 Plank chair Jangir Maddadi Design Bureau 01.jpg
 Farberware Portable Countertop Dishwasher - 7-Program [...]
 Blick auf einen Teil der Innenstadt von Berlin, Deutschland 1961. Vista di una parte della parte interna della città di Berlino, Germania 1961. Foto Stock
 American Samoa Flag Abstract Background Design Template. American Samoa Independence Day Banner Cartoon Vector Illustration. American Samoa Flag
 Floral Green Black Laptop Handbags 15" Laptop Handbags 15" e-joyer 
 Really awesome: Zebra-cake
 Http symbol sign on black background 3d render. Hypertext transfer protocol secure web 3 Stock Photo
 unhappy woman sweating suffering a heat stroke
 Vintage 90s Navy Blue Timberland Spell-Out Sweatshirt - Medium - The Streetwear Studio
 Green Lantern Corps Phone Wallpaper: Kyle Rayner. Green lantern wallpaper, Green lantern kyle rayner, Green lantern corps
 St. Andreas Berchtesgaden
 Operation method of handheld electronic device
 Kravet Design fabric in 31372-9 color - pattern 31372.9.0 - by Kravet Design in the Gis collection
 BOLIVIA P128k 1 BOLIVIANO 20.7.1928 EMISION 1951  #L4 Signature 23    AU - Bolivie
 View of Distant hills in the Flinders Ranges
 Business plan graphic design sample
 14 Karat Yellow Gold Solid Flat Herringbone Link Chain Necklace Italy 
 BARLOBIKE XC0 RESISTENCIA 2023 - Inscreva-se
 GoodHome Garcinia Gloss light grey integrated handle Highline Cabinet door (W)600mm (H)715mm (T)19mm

**WORK ITEM**
Search the entries above for the word "Stock", and copy every line where it occurs.

**RESPONSE BOX**
 Blick auf einen Teil der Innenstadt von Berlin, Deutschland 1961. Vista di una parte della parte interna della città di Berlino, Germania 1961. Foto Stock
 Http symbol sign on black background 3d render. Hypertext transfer protocol secure web 3 Stock Photo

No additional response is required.